Problem to work on: The answer should consist of the records below, repeated exactly, and no pictures.

Source material:
Start of Block

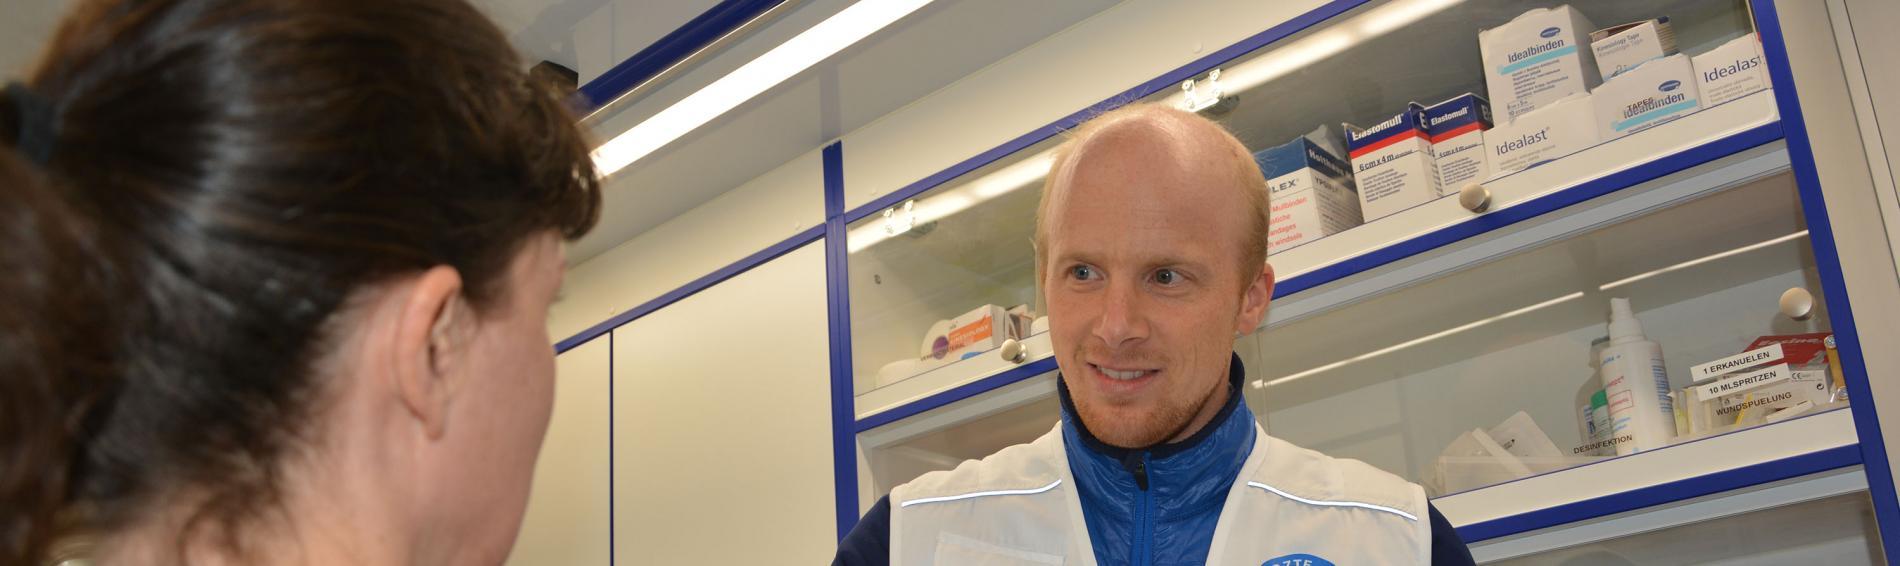 Jakob Reineke, MedMobil Stuttgart. Foto: Isabell Hoch
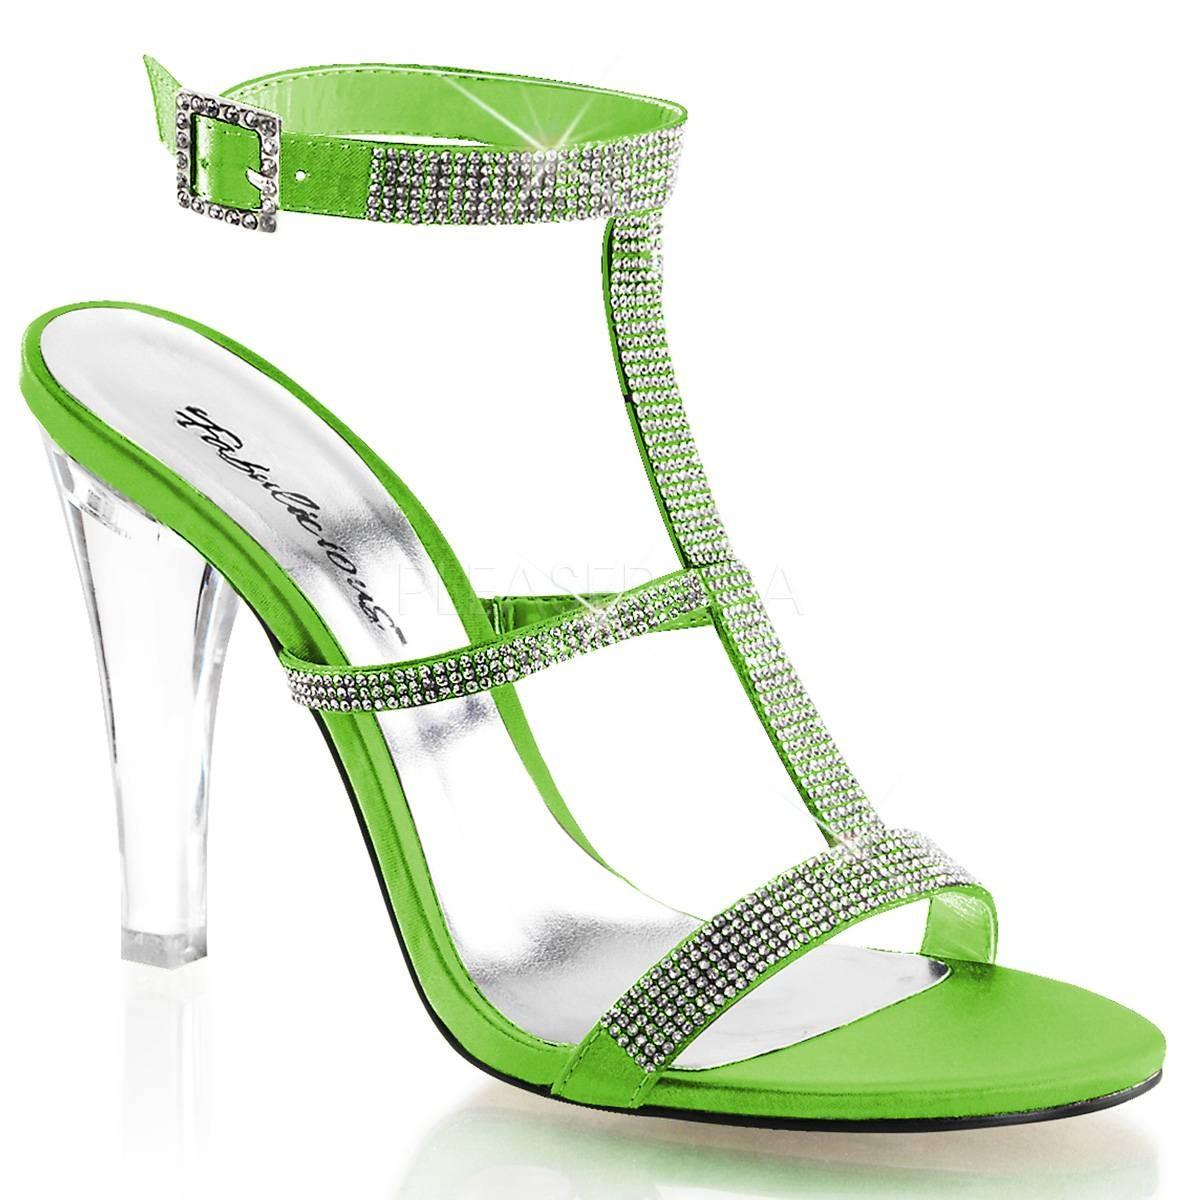 Sandalen - CLEARLY 418 ° Damen Sandalette ° Grün Satin ° Fabulicious  - Onlineshop RedSixty
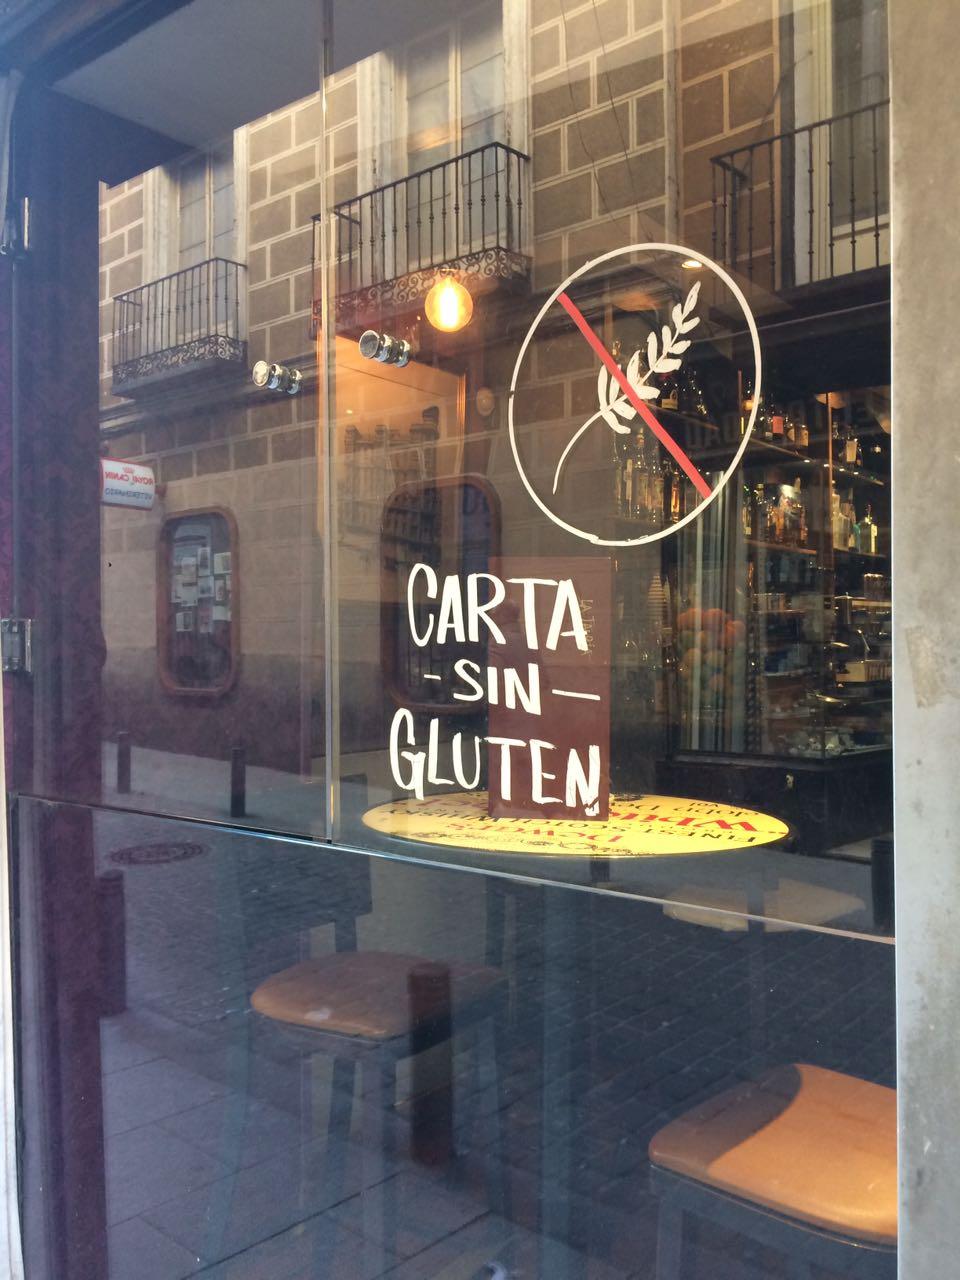 Gluten free bar
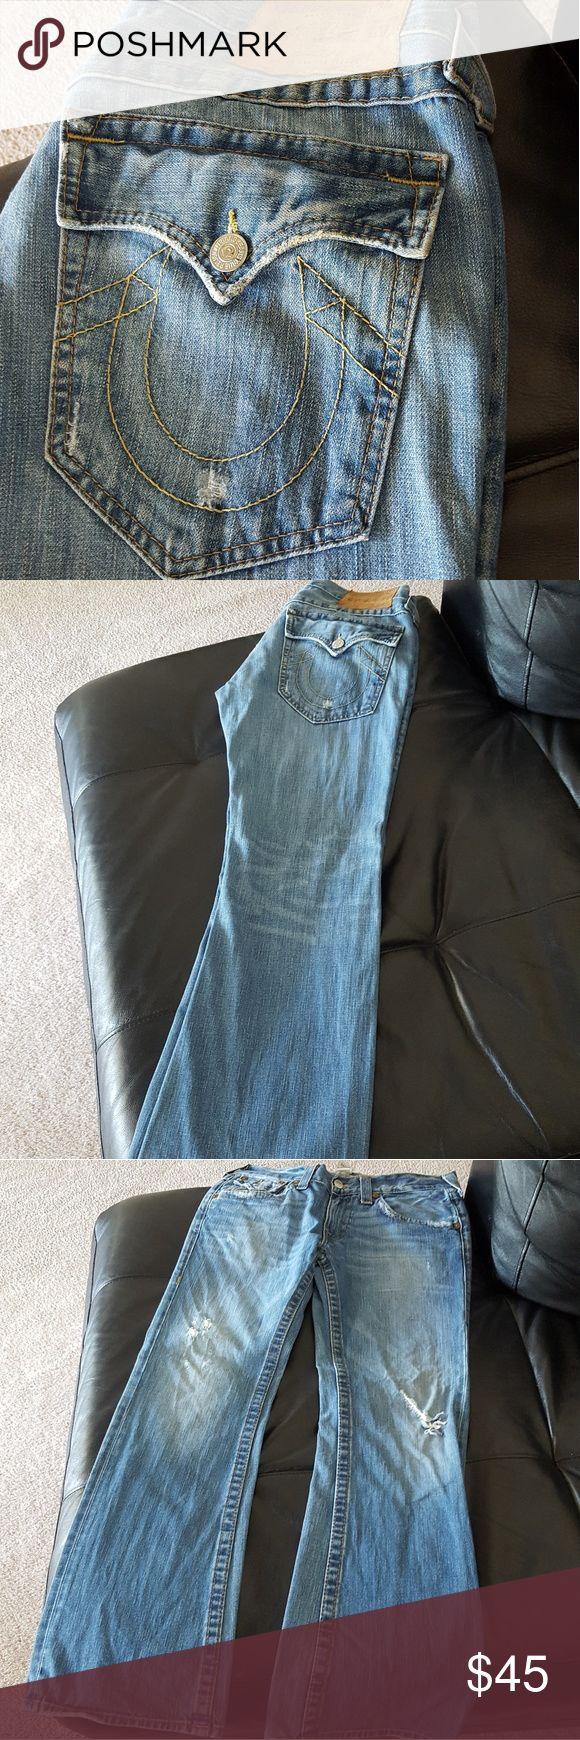 Men's True Religion Jeans Light denim True Religion Jeans Straight
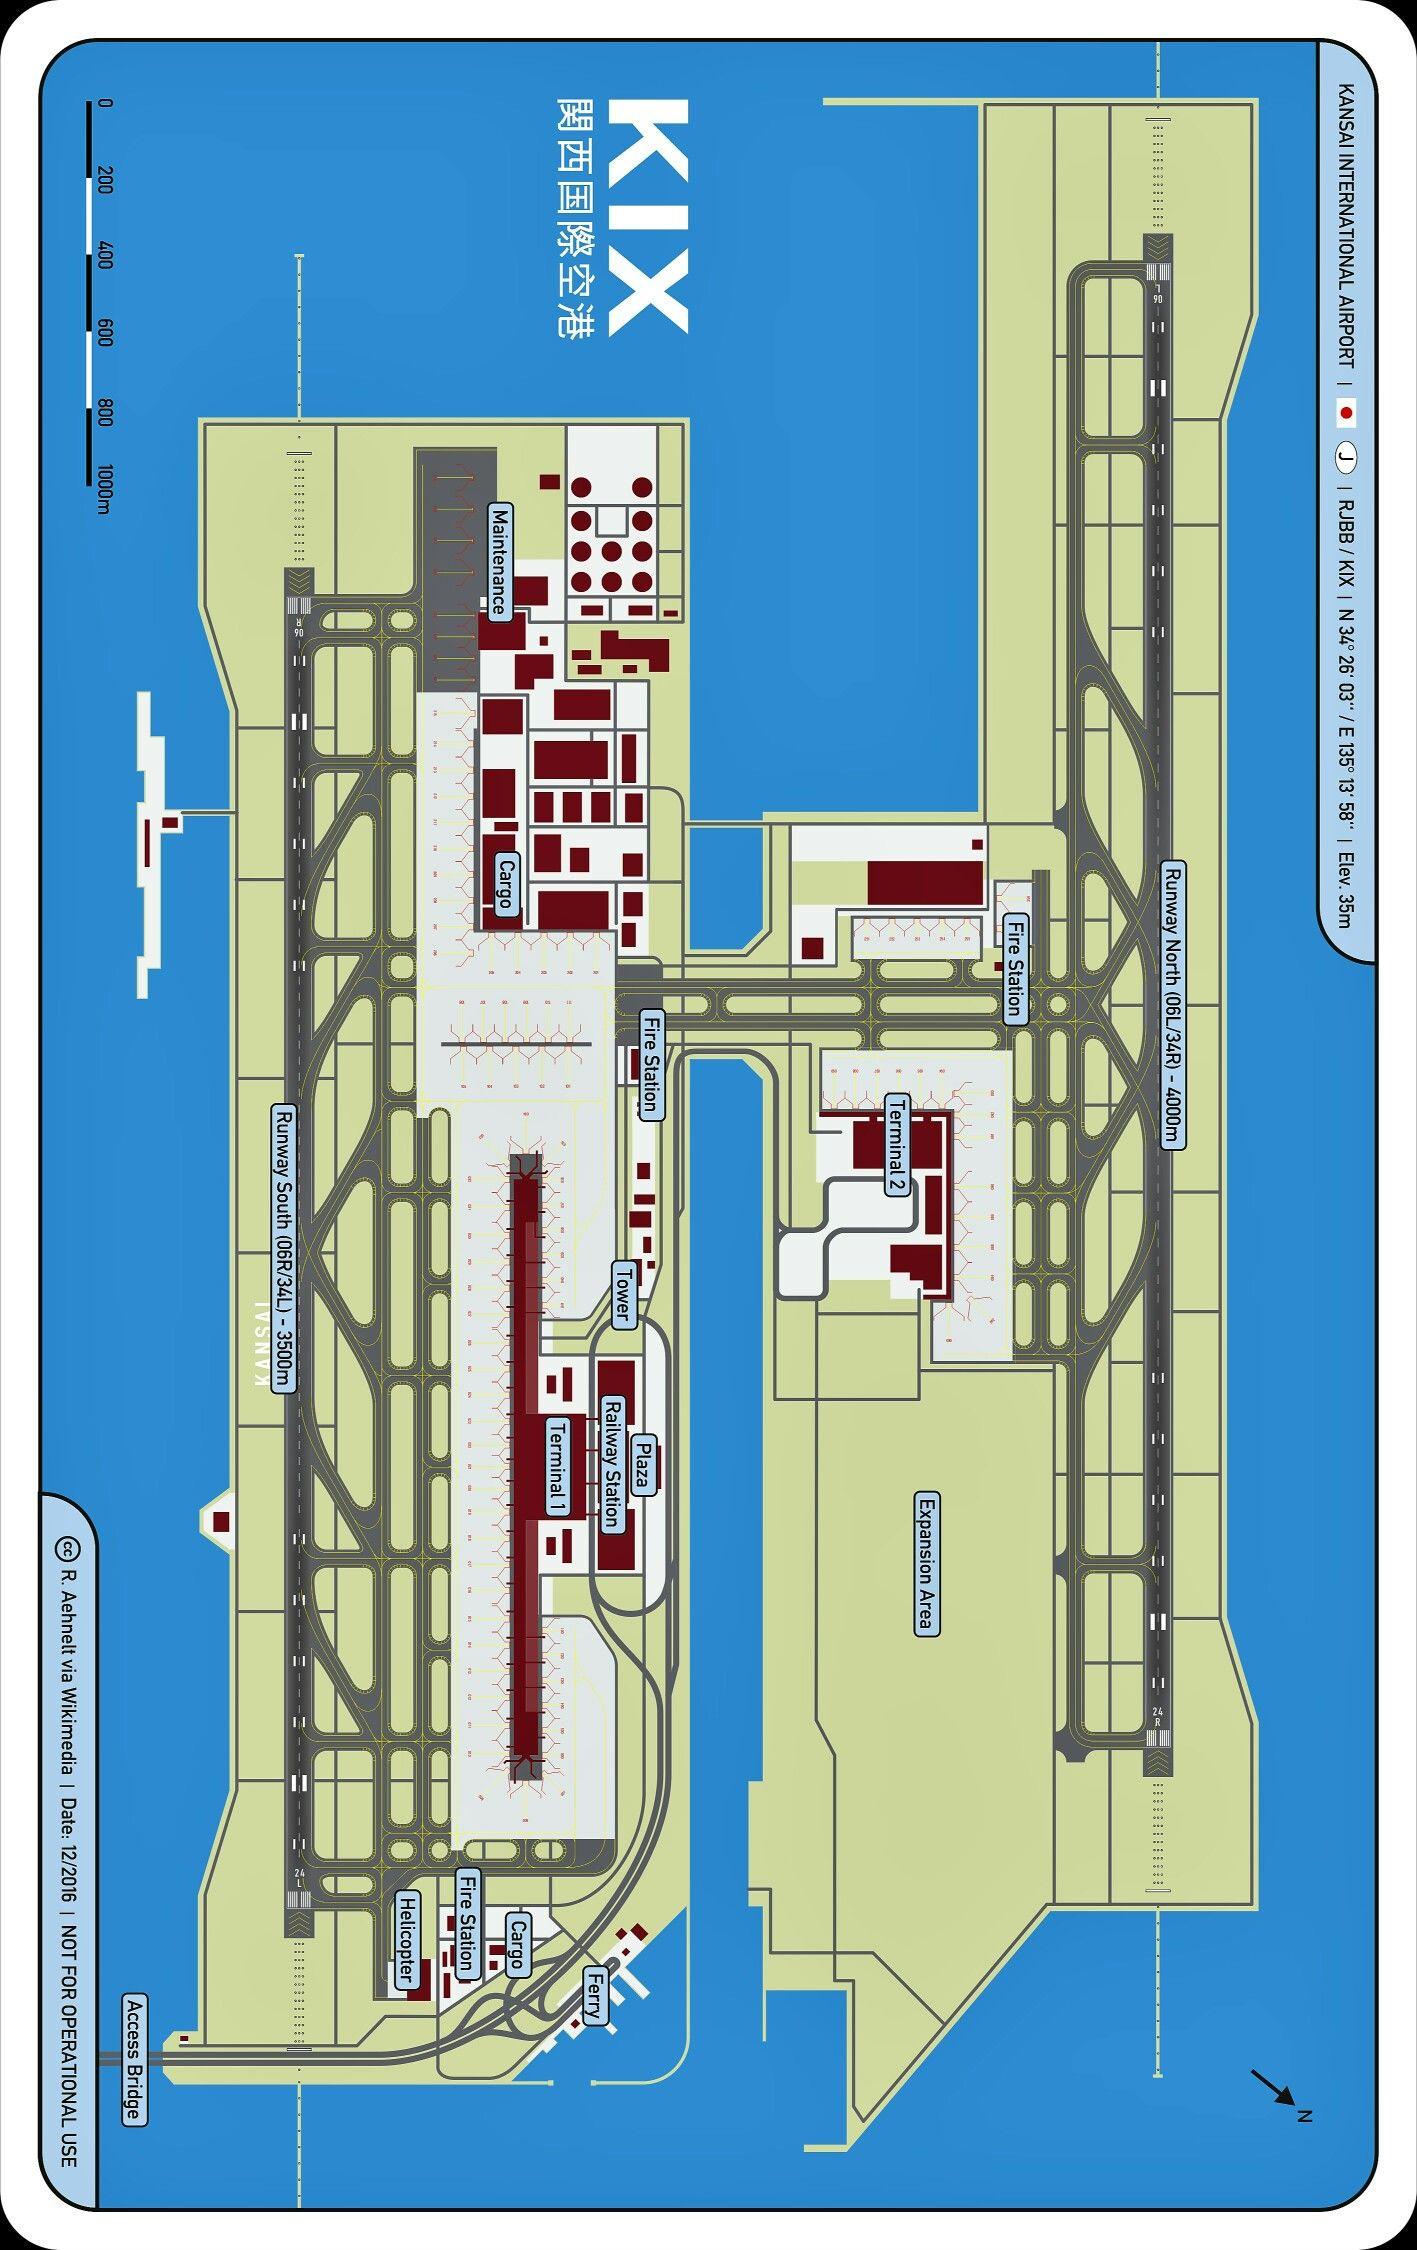 Pin On Airports مطارات

End of Block

Answer space:
 Jakob Reineke, MedMobil Stuttgart. Foto: Isabell Hoch
 Sandalen - CLEARLY 418 ° Damen Sandalette ° Grün Satin ° Fabulicious  - Onlineshop RedSixty
 Gluten free bar
 Men's True Religion Jeans Light denim True Religion Jeans Straight
 Pin On Airports مطارات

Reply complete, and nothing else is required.